Your assignment: In the entries that follow, find the line containing "Rare floor lamp" and the line containing "The lamp is in a very good condition!.", then retype exactly the lines from the first through the second, pictures excluded.

Exercise input:
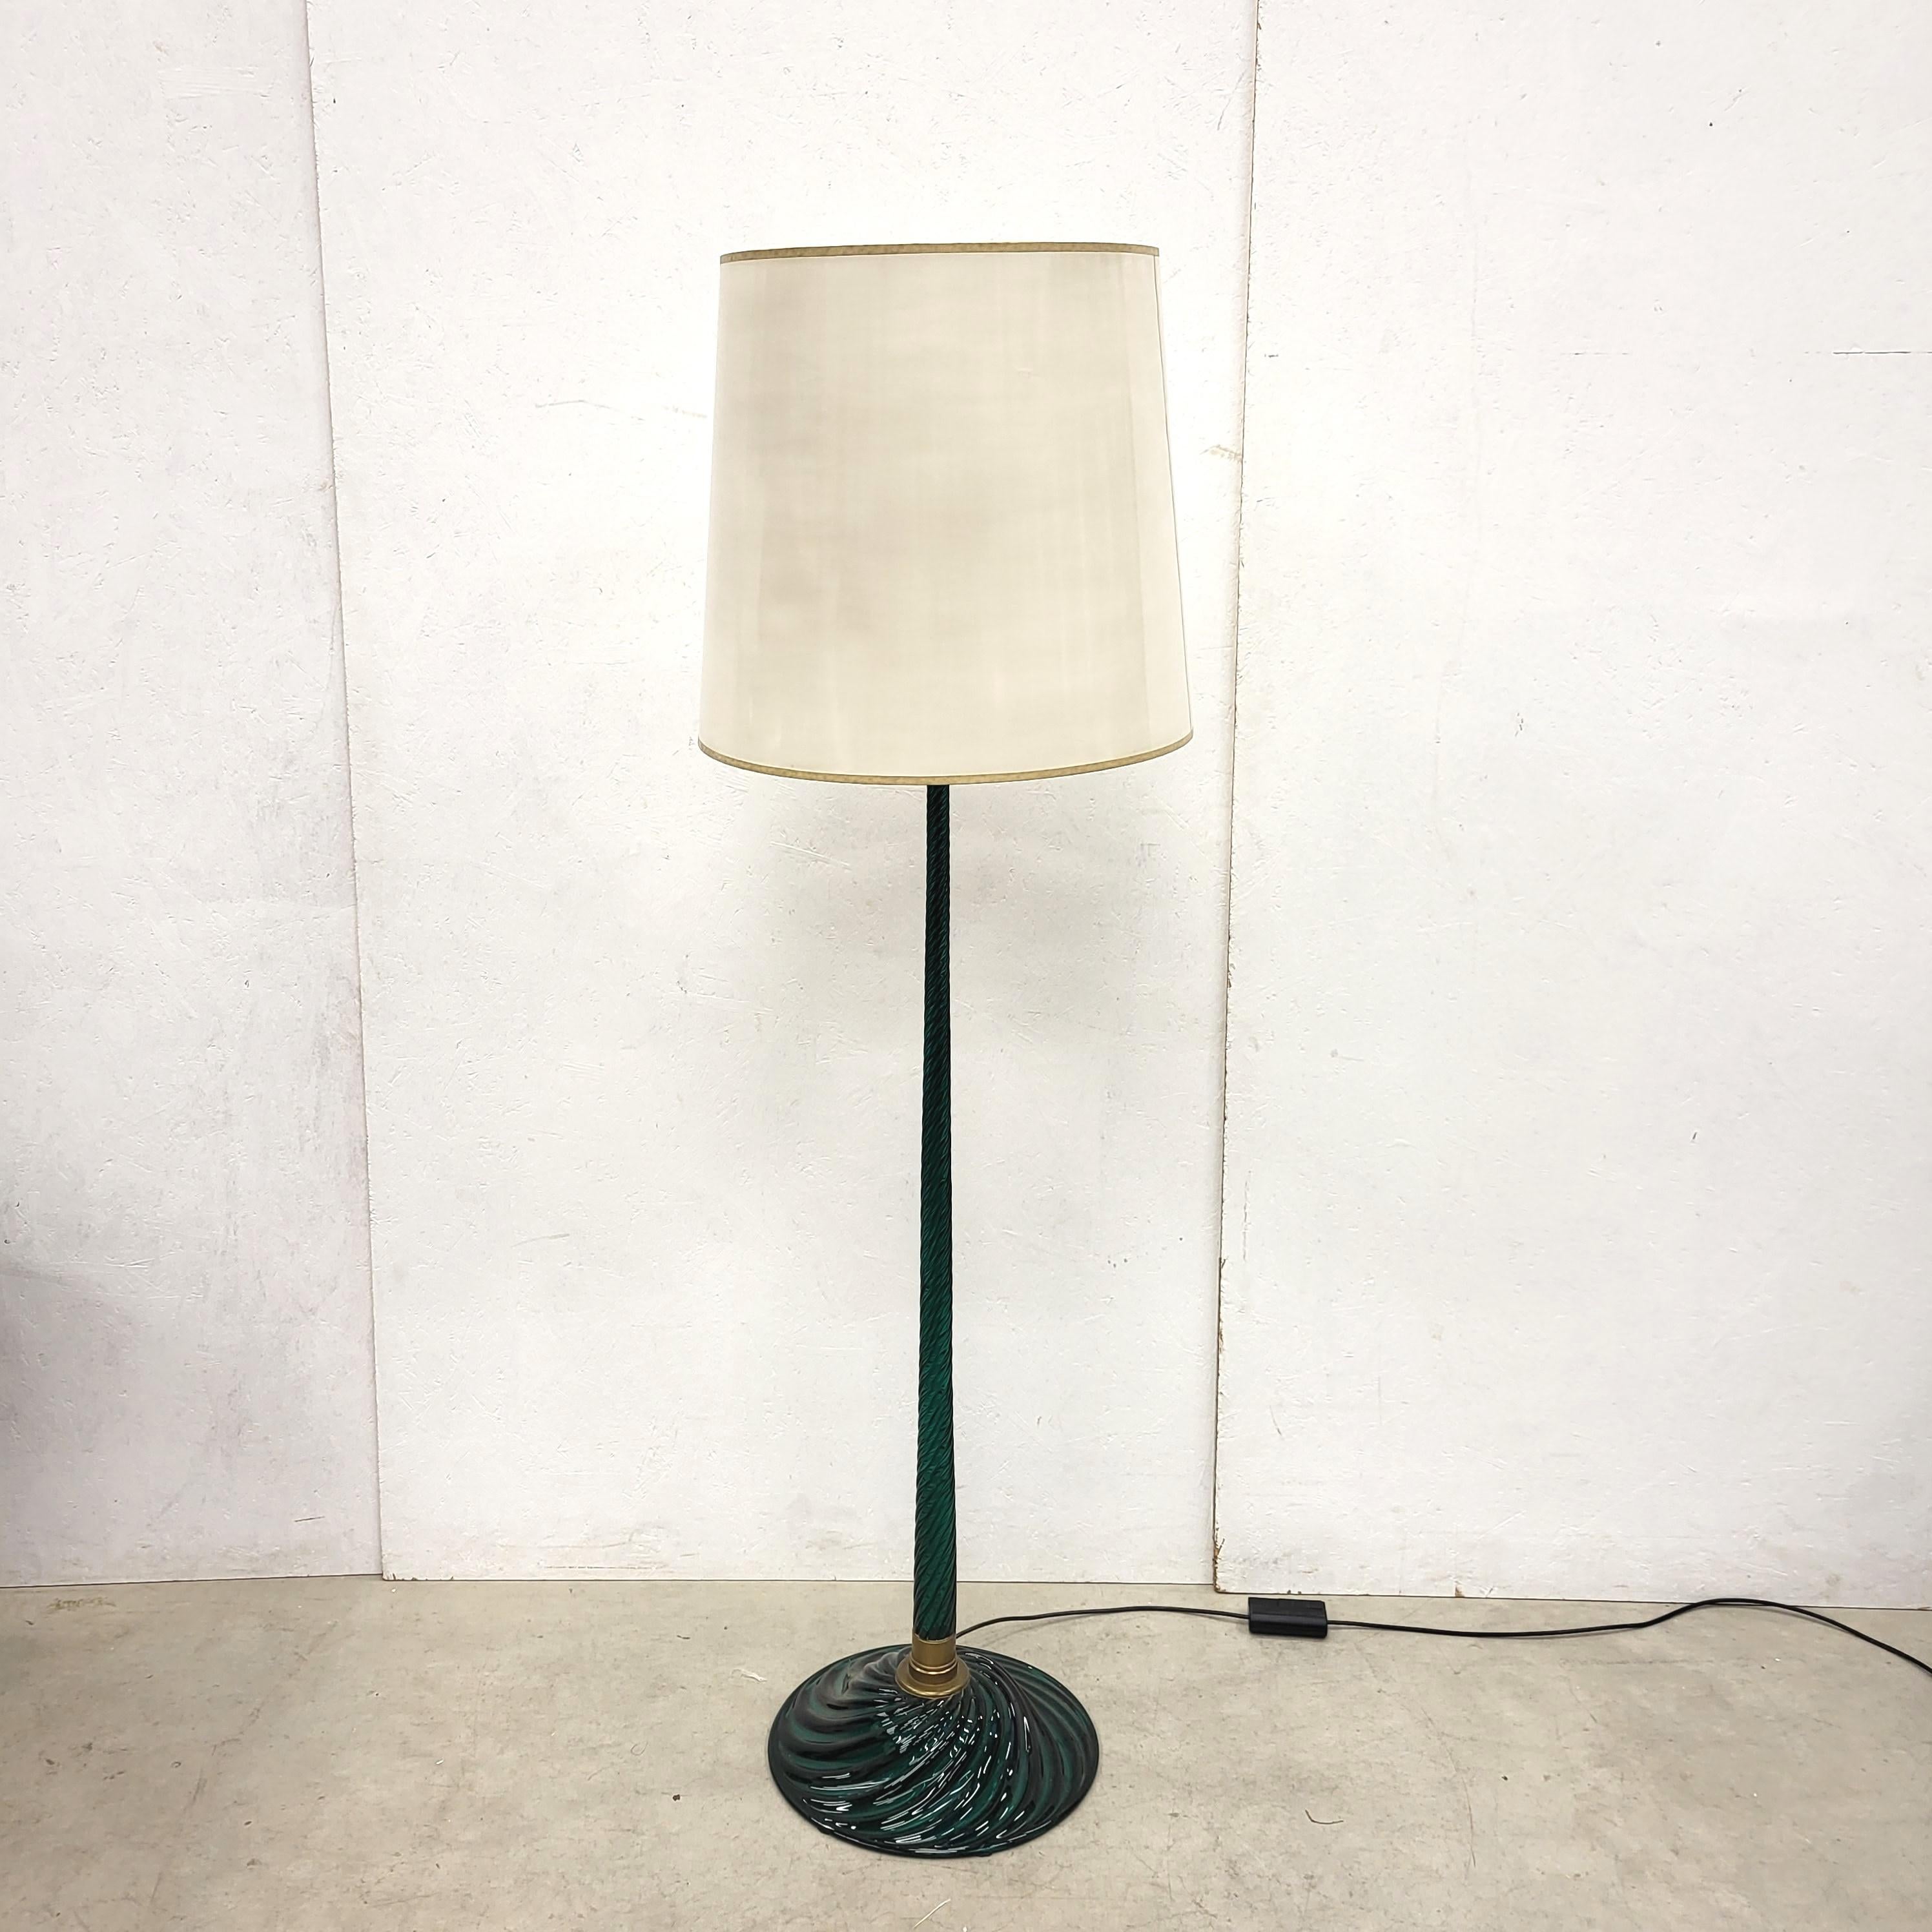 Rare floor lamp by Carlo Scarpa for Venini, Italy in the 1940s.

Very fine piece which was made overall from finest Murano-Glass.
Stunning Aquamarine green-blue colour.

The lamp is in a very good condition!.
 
---
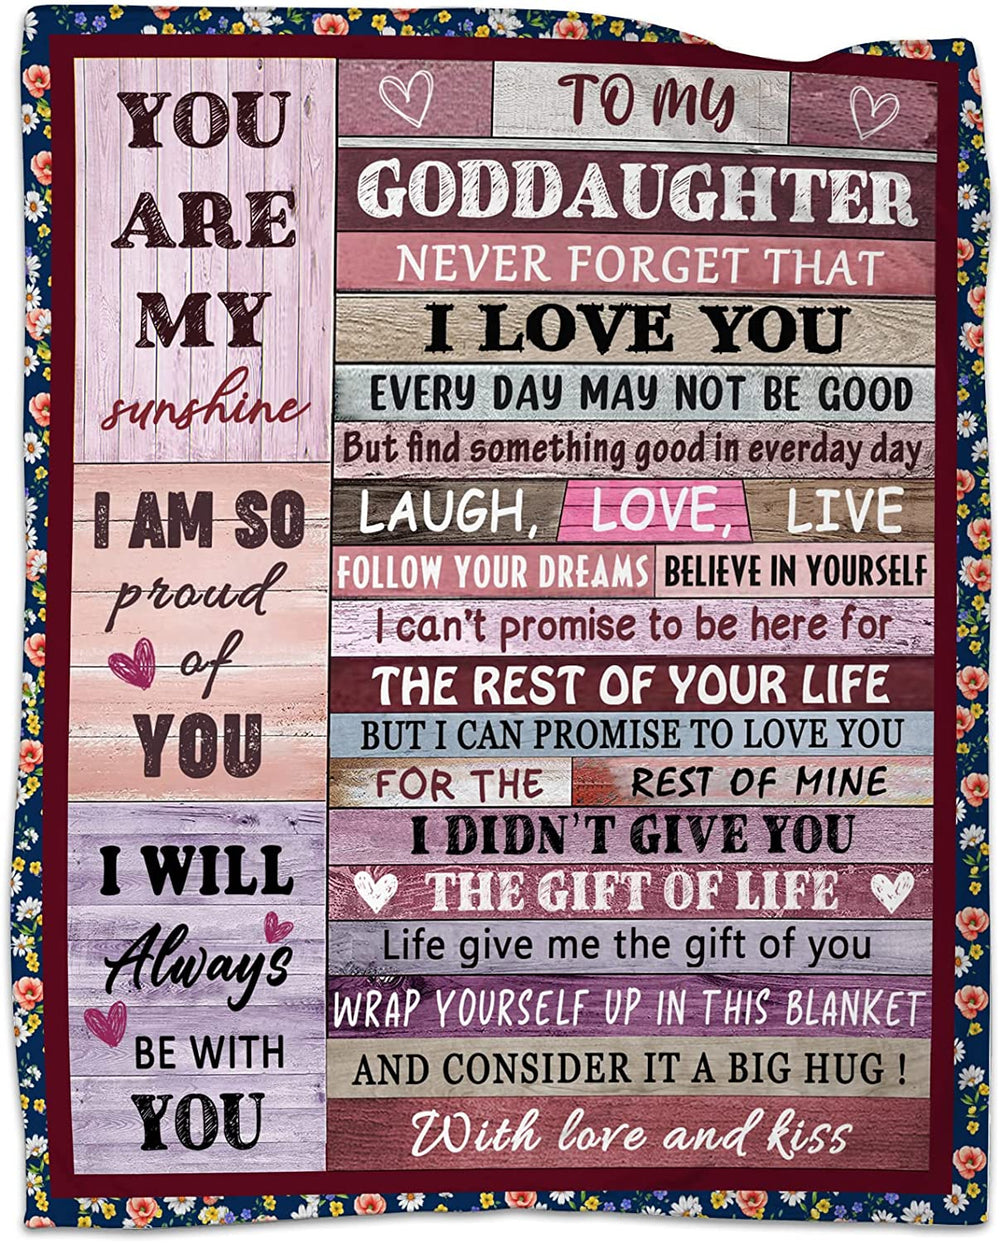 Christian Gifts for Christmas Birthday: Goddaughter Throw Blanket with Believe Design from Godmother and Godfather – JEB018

Answer to this problem:
 Rare floor lamp by Carlo Scarpa for Venini, Italy in the 1940s.

Very fine piece which was made overall from finest Murano-Glass.
Stunning Aquamarine green-blue colour.

The lamp is in a very good condition!.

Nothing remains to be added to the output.